Comparing Box Plots and Histograms – Which Is the Better Tool?
Page content

Charts Aids to Identify Variation

The goal of Six Sigma is to improve the quality and productivity of a project team or company. In order to accomplish this goal, Six Sigma uses different chart aids to identify variation among data samples. When a histogram or box plot is used to graphically represent data, a project manager or leader can visually identify where variation exists, which is necessary to identify and control causes of variation in process improvements.

What Is a Histogram?

A histogram is a type of bar chart that graphically displays the frequencies of a data set. Similar to a bar chart, a histogram plots the frequency, or raw count, on the Y-axis (vertical) and the variable being measured on the X-axis (horizontal).

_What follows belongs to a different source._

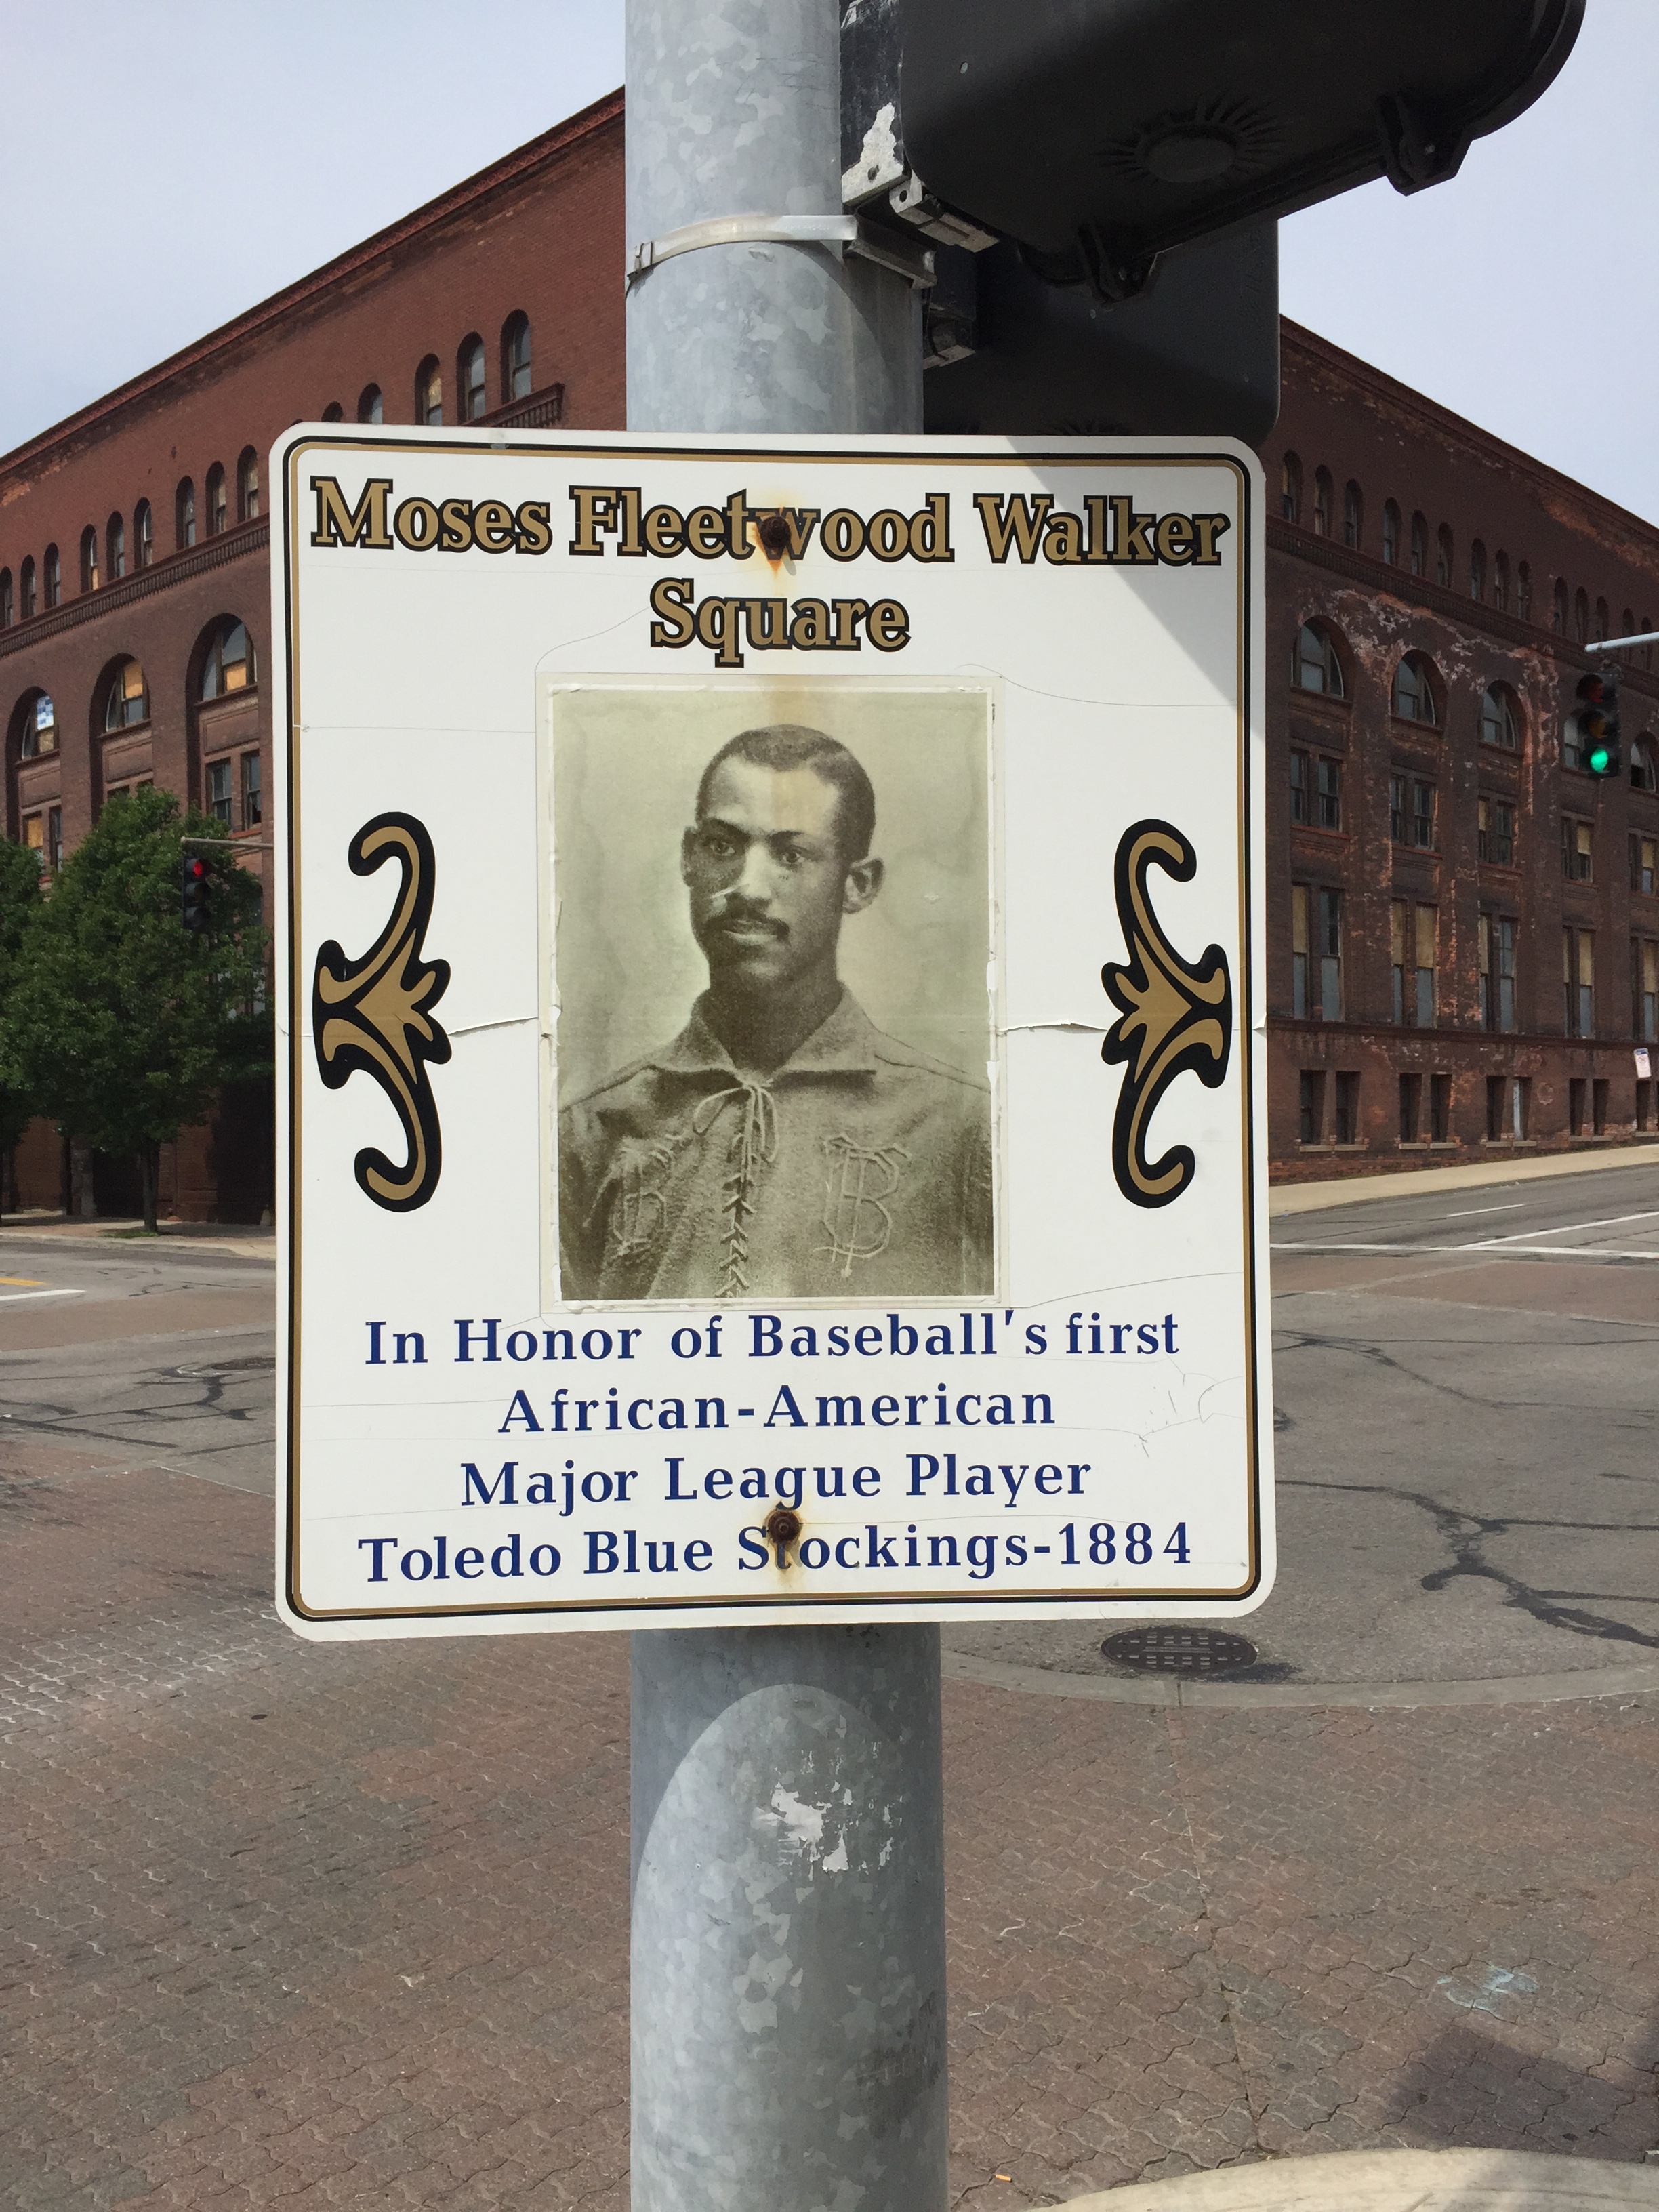 A Not-So-Hidden Gem of Baseball History and Fokelore – All Things Ed

The only difference between a histogram and a bar chart is that a histogram displays frequencies for a group of data, rather than an individual data point; therefore, no spaces are present between the bars. Typically, a histogram groups data into small chunks (four to eight values per bar on the horizontal axis), unless the range of data is so great that it easier to identify general distribution trends with larger groupings.

What Is a Box Plot?

A box plot, also called a box-and-whisker plot, is a chart that graphically represents the five most important descriptive values for a data set. These values include the minimum value, the first quartile, the median, the third quartile, and the maximum value. When graphing this five-number summary, only the horizontal axis displays values. Within the quadrant, a vertical line is placed above each of the summary numbers. A box is drawn around the middle three lines (first quartile, median, and third quartile) and two lines are drawn from the box’s edges to the two endpoints (minimum and maximum).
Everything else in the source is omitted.